That first step toward articulating regulations asks the public about what accountability measures should be adopted and whether potentially risky new AI models should go through a certification process before being released.
The Department of Commerce’s National Telecommunications and Information Administration (NTIA) is spearheading the effort, and the agency notes that AI and algorithmic systems are already providing benefits, but may also introduce risks.
NTIA says that “[c]ompanies have a responsibility to make sure their AI products are safe before making them available. Businesses and consumers using AI technologies and individuals whose lives and livelihoods are affected by these systems have a right to know that they have been adequately vetted and risks have been appropriately mitigated.”
NTIA’s “AI Accountability Policy Request for Comment” seeks feedback on what policies can support the development of such audits, assessments, certifications and other mechanisms to create earned trust in AI systems – trust they that function as intended, without adverse consequences.
“Companies have a responsibility to make sure their AI products are safe before making them available.”
NTIA
NTIA is seeking input on what kinds of safety testing AI development companies and their enterprise clients should conduct; what kind of data access is necessary to conduct audits, and how regulators can incentivize and support credible assurance of AI systems, plus other forms of accountability.
NTIA points to the White House Office of Science and Technology Policy’s Blueprint for an AI Bill of Rights as a framework to guide the design and deployment of AI, and it mentions the National Institute of Standards and Technology’s AI Risk Management Framework, which already serves as a voluntary tool that organizations use to manage risks posed by AI systems. Comments are due 60 days from publication of the request for comment in the Federal Register.
Main concerns
A host of new AI tools are on the market now, not just ChatGPT. They can quickly produce human-like writing, images, videos, vocal recordings in multiple languages, translate legalese and take notes for you in a videoconference.
They are promoted as tools that drive efficiency – or “hacks” that help you work around the limitations of standard technology. And they truly can function this way, providing innovative ways to create and share content.
But they come with legitimate worries. Some public experiments using chatbots have given troubling advice to users who were posing as young people. And the race between OpenAI, which owns the ChatGPT tool, and competitor businesses such as Alibaba and Baidu (which recently launched chatbots) and Google, which is developing one, has policymakers worried that risk is not properly being scrutinized and mitigated along the way.
Other nations are acting
The European Commission, the EU’s executive arm, first announced a plan in April 2021 for an AI rulebook, and the European Parliament hopes to finalize its AI Act text soon. Like the EU’s General Data Protection Regulation that came into effect in 2018, the EU AI Act is designed to operate globally, protecting EU citizens wherever they might be.
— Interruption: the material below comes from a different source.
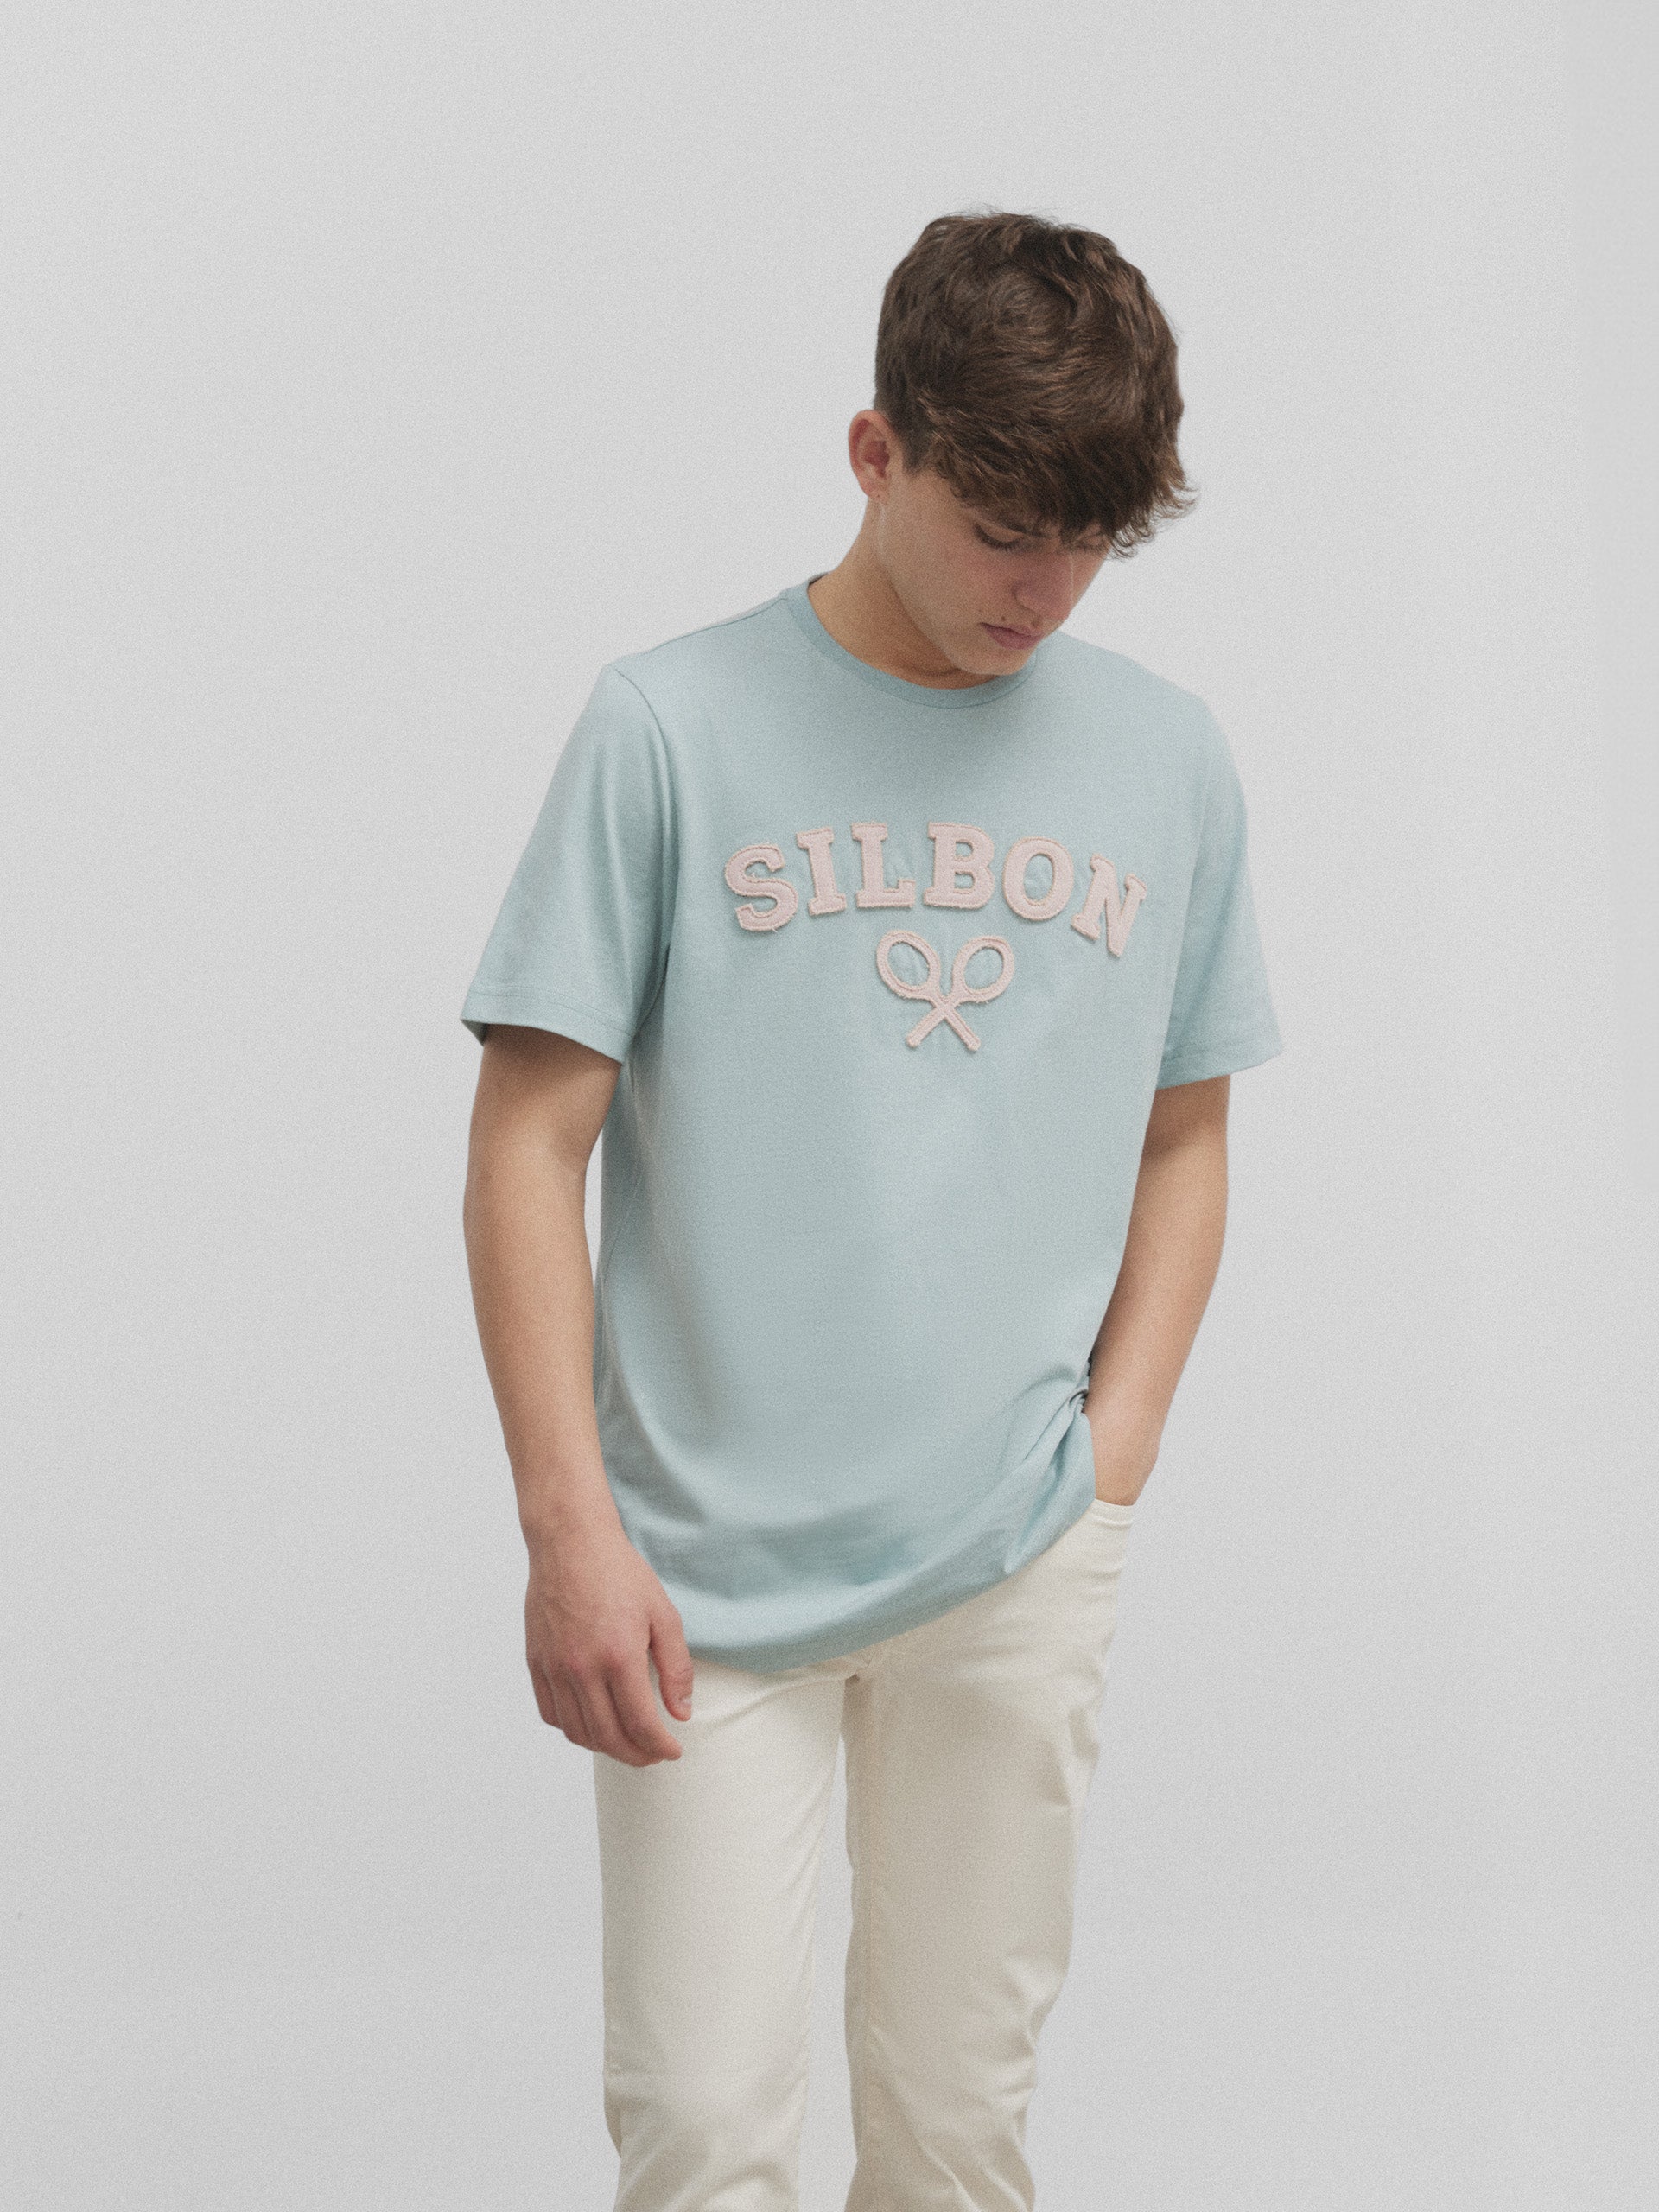 Silbon medium green racket t-shirt

In China, regulators on Tuesday released draft rules designed to manage how companies develop AI products such as ChatGPT. The Cyberspace Administration of China outlined the ground rules that generative AI services must follow, including the type of content these products are allowed to generate.
For example, the content generated by AI must not “subvert state power,” “incite secession” or “disrupt social order,” according to the draft rules.
In late September 2021, Brazil’s Congress introduced a bill that creates a legal framework for artificial intelligence, but it still lags in the Senate.
Just a couple of weeks ago, Italy became the first Western country to ban ChatGPT outright, and Germany is considering doing the same.
Even the world’s religious leaders are concerned with the Vatican’s call for an ethical approach to AI, originally published in 2020 and renewed in January 2023 with the representatives of the Muslim and Jewish faiths now as co-signatories.
We already have some guardrails
In February, the Consumer Financial Protection Bureau announced it would get tougher on AI misuse in banking. Director Rohit Chopra cautioned that AI could be abused to advance “digital redlining” and “robo discrimination.”
The Federal Trade Commission has cautioned that it will hold companies accountable for making false or unsubstantiated claims about AI products.
In March, the US Copyright Office issued guidance on AI and copyrights, saying works created with the assistance of AI may be copyrightable, provided they involve sufficient human authorship. But when an AI program produces a complex written, visual, or musical work in response to a prompt from a human, the “traditional elements of authorship” are being determined and executed by the technology and not the human, so the resulting work is not copyrightable.
And, of course, your chatbot communications pose regulatory compliance challenges for businesses subject to record retention requirements, such as those imposed by the SEC and the FINRA.